-- Task brief --
Nothing outside the lines below from the one containing "Haití. 12 de" through the one containing "Rechercher des informations" is to be printed; print those exactly, ends included, and drop the pictures.

-- Input data --

-- Opening Marker --

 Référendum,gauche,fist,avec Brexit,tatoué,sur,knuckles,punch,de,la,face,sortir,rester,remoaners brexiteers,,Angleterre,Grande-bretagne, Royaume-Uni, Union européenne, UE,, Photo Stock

-- Closing Marker --
-- Opening Marker --

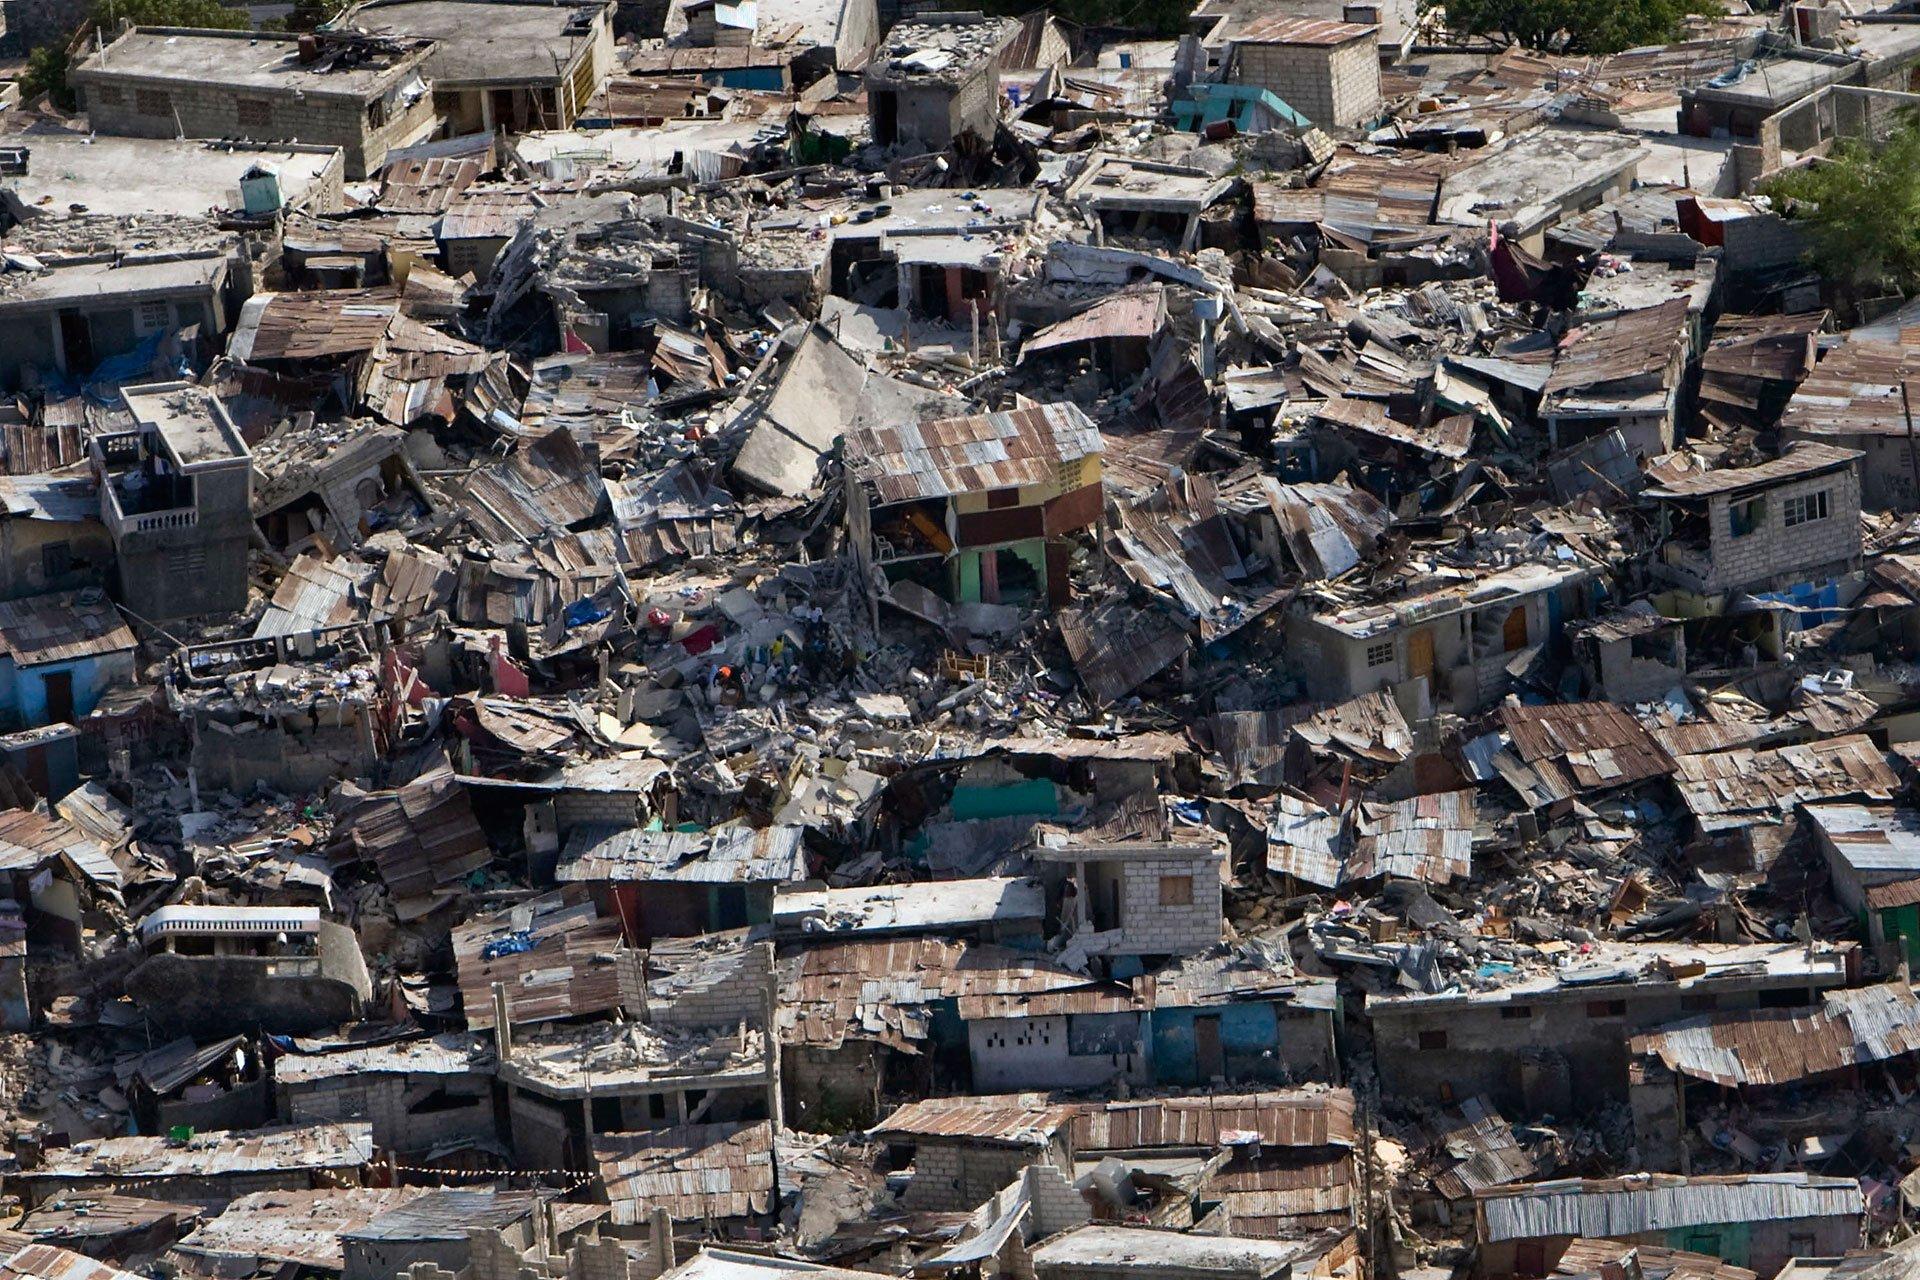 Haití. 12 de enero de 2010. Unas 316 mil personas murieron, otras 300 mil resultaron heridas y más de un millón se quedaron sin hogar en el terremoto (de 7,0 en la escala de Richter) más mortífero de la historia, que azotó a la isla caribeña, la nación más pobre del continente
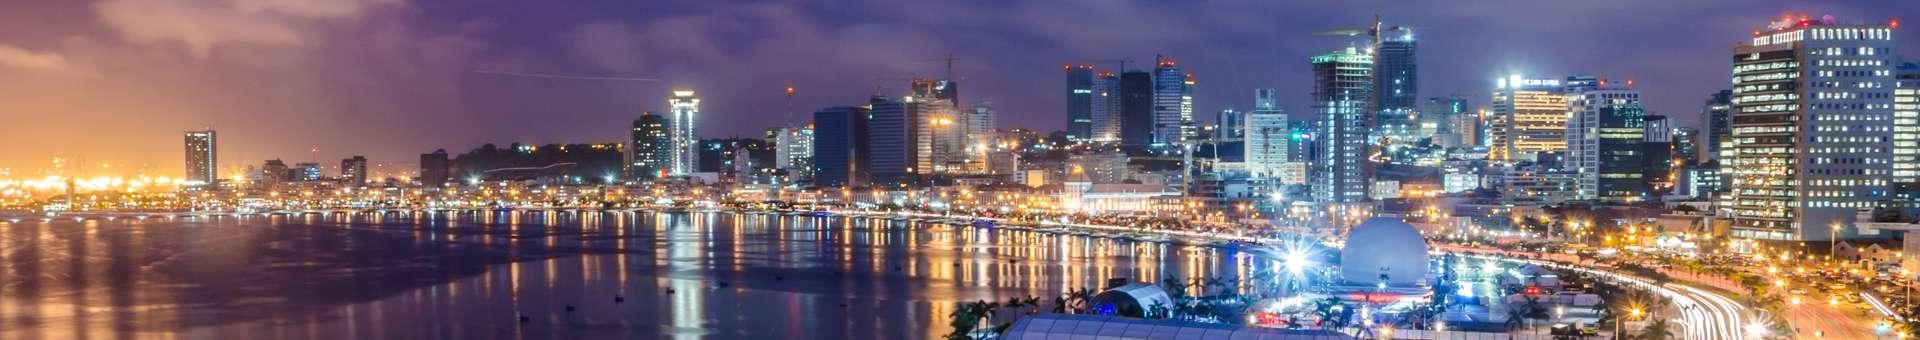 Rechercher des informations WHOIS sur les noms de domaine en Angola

-- Closing Marker --

-- Solution --
 Haití. 12 de enero de 2010. Unas 316 mil personas murieron, otras 300 mil resultaron heridas y más de un millón se quedaron sin hogar en el terremoto (de 7,0 en la escala de Richter) más mortífero de la historia, que azotó a la isla caribeña, la nación más pobre del continente
 Rechercher des informations WHOIS sur les noms de domaine en Angola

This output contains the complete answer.